Troops seized computers from the city hall and confiscated several buses from an Islamic school, reports said.

The raids were criticised by Salam Fayyad, the Palestinian prime minister, who said ongoing operations were undermining efforts to boost security.

The Nablus raids follow operations in a number of other West Bank towns.

There have been frequent raids on allegedly Hamas-funded organisations in the Hebron, Qalqilya and Ramallah areas of the West Bank and the Israeli army recently said it would crack down on Nablus.
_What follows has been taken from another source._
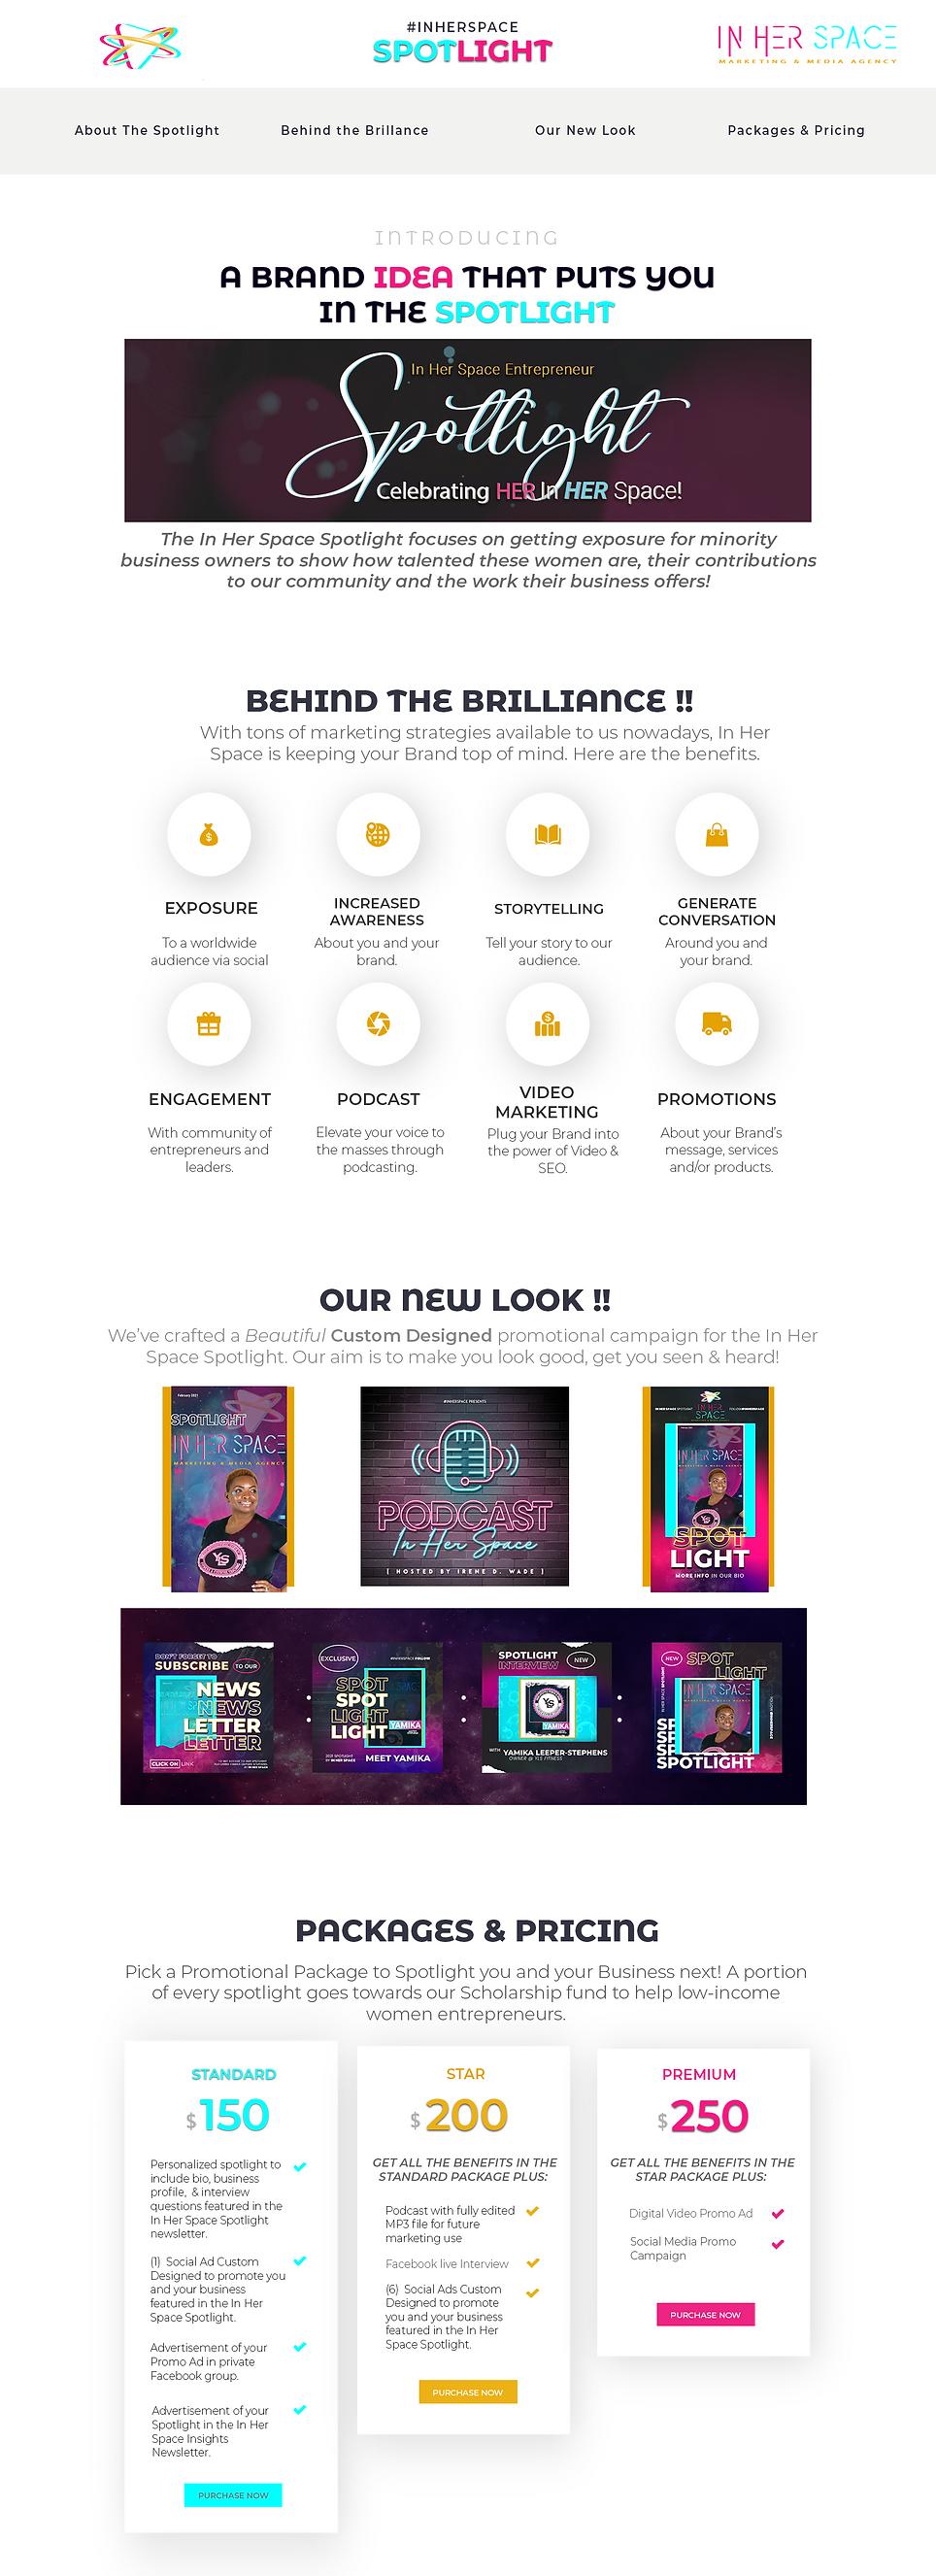 IRENE_spotlight sales page Newsletter 2.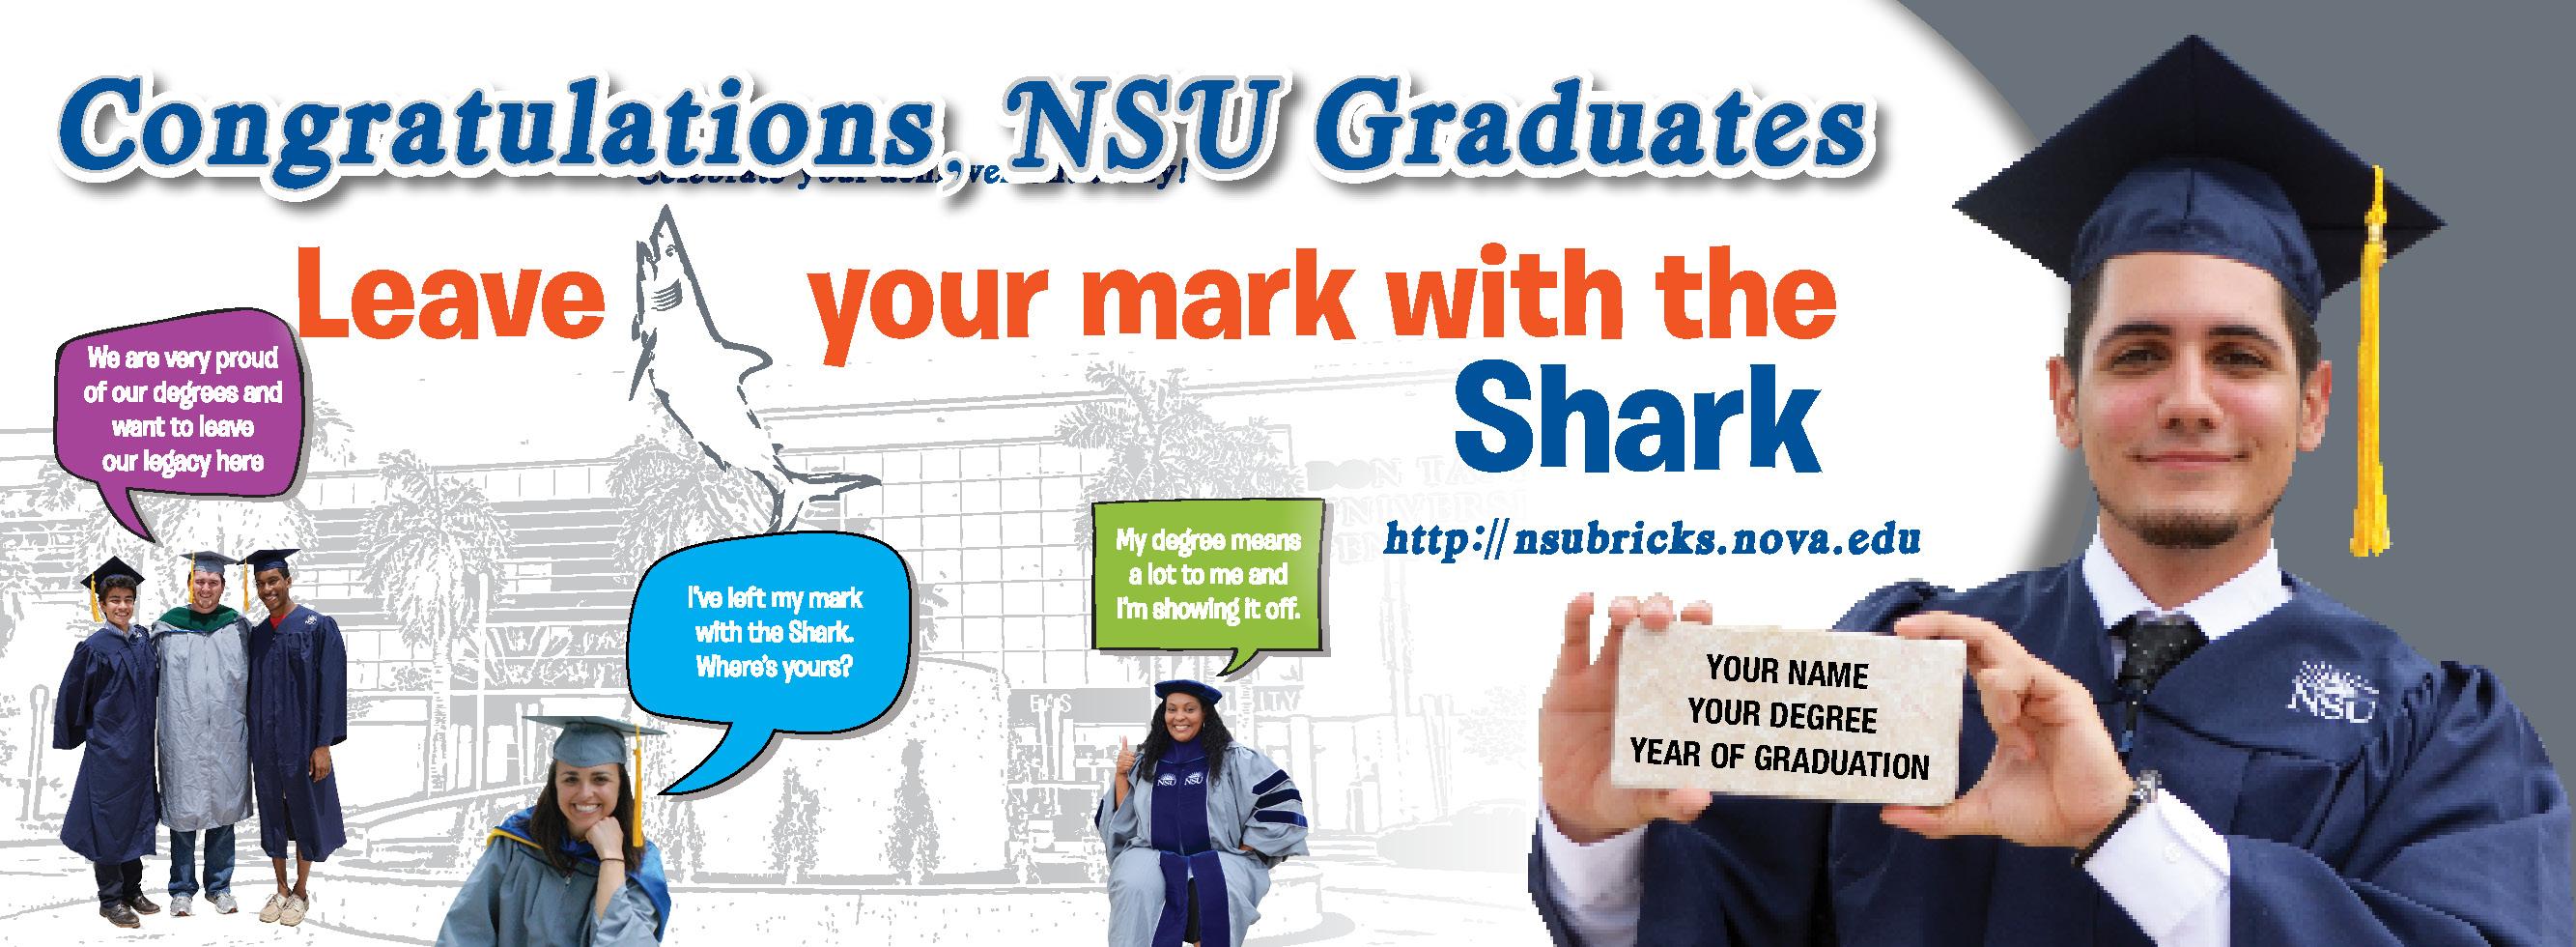 Congratulations, NSU Graduates!

The militant Hamas movement is in power in Gaza, while its rival Fatah runs the Palestinian Authority in parts of the West Bank. Israel and its allies view Hamas as a terrorist organisation.

Israel occupied the West Bank and Gaza Strip in the 1967 war. It has settled hundreds of thousands of Israelis in the West Bank and keeps a large military presence there.

Concerns

Speaking in Ramallah, Mr Fayyad said the Israeli operations were a blow to efforts to improve security in the West Bank.

"The operations undermine grossly our efforts aimed at rebuilding our capacity and re-establishing law and order," he said at a news conference.

The latest Nablus raids came one day after Israel shut down a shopping centre, accusing the owners of links to Hamas and ordering it closed for two years.

On Monday, Israeli troops forcibly closed the offices of a Palestinian charity in the northern West Bank town.

There has been widespread outrage in Nablus against the latest military activity, with reports suggesting businesses in Nablus were planning a general strike to protest against the operations.

Israeli officials made no immediate comment on the latest operations.